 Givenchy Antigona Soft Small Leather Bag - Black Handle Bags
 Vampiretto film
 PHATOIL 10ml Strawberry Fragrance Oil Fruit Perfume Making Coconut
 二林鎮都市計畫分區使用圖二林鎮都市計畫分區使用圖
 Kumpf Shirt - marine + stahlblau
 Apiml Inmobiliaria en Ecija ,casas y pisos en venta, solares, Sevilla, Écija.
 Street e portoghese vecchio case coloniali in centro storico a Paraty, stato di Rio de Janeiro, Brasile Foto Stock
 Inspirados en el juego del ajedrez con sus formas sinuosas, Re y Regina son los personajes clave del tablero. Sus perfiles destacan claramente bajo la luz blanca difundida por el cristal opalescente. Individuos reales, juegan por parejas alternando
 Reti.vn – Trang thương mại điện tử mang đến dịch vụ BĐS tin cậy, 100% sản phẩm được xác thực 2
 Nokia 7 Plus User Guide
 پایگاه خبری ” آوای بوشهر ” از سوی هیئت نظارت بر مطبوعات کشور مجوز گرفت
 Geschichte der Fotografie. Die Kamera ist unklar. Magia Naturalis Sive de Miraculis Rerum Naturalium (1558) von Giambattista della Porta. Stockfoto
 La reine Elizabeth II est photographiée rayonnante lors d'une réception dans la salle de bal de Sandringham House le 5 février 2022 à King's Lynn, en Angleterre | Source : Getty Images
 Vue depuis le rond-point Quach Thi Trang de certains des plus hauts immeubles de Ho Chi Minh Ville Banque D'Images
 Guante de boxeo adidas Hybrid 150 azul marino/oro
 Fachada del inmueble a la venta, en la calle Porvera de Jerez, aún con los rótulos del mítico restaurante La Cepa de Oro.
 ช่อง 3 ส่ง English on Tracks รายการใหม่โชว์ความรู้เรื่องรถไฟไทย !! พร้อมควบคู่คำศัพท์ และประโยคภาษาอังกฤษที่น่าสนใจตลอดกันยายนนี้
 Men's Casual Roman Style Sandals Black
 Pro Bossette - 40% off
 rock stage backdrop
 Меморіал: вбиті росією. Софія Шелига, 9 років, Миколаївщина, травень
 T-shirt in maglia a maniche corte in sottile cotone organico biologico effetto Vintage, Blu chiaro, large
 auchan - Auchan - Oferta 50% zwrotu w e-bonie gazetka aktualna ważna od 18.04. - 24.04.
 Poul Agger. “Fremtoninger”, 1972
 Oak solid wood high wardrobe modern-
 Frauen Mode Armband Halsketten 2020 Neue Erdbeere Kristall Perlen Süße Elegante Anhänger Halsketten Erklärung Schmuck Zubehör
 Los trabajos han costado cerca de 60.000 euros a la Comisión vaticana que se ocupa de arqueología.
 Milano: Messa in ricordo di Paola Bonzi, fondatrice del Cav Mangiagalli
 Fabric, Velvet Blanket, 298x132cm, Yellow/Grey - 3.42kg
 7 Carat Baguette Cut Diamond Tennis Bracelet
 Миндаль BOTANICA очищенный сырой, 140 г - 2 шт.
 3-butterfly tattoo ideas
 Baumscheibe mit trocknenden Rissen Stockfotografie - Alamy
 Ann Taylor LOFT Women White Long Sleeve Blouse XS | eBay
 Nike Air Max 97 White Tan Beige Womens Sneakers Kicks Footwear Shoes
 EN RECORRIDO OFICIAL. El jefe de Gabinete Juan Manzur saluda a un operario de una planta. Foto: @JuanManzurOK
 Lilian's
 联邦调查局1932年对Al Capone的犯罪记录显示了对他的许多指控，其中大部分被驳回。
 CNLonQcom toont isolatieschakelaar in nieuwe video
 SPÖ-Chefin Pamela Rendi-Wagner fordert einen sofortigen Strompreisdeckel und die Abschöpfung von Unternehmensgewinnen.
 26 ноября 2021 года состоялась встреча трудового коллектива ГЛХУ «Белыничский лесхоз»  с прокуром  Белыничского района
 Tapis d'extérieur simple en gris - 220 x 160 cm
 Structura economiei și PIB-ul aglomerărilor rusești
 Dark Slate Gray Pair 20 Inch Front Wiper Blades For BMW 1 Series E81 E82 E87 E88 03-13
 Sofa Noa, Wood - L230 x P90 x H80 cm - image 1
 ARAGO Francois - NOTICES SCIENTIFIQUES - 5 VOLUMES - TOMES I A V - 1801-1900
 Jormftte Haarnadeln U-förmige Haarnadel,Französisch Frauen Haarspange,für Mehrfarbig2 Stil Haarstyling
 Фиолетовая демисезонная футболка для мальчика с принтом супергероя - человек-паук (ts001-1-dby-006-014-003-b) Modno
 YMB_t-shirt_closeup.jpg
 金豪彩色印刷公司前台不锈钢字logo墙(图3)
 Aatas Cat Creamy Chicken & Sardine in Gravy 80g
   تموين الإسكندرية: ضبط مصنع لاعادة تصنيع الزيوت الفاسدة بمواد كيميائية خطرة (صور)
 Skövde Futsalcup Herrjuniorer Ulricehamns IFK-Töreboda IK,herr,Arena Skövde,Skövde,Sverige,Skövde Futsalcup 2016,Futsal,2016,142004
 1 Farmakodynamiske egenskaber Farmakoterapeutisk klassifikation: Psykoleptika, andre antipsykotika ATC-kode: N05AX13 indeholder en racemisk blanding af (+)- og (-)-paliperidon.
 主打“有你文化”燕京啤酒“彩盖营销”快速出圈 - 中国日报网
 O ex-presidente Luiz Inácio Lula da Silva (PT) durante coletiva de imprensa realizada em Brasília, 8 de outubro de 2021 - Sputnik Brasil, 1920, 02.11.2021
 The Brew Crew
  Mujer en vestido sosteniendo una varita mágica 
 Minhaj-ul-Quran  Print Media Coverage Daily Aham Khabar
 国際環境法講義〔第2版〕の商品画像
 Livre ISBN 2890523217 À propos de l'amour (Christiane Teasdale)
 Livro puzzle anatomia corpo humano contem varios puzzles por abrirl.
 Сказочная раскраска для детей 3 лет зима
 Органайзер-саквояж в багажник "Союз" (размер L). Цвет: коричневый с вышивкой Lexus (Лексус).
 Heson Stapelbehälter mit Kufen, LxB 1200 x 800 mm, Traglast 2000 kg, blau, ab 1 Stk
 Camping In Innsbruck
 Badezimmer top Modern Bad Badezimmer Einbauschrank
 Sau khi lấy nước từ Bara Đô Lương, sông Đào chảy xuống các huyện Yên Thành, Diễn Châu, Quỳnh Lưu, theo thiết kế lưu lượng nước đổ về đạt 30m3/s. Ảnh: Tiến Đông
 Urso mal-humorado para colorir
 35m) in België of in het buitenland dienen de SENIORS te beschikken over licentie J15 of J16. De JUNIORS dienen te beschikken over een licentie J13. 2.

◆ ASSIGNMENT ◆
Output all lines from the beginning of the data up to the line holding "Street e portoghese", that line included, exactly as written.

◆ RESPONSE TO THIS EXERCISE ◆
 Givenchy Antigona Soft Small Leather Bag - Black Handle Bags
 Vampiretto film
 PHATOIL 10ml Strawberry Fragrance Oil Fruit Perfume Making Coconut
 二林鎮都市計畫分區使用圖二林鎮都市計畫分區使用圖
 Kumpf Shirt - marine + stahlblau
 Apiml Inmobiliaria en Ecija ,casas y pisos en venta, solares, Sevilla, Écija.
 Street e portoghese vecchio case coloniali in centro storico a Paraty, stato di Rio de Janeiro, Brasile Foto Stock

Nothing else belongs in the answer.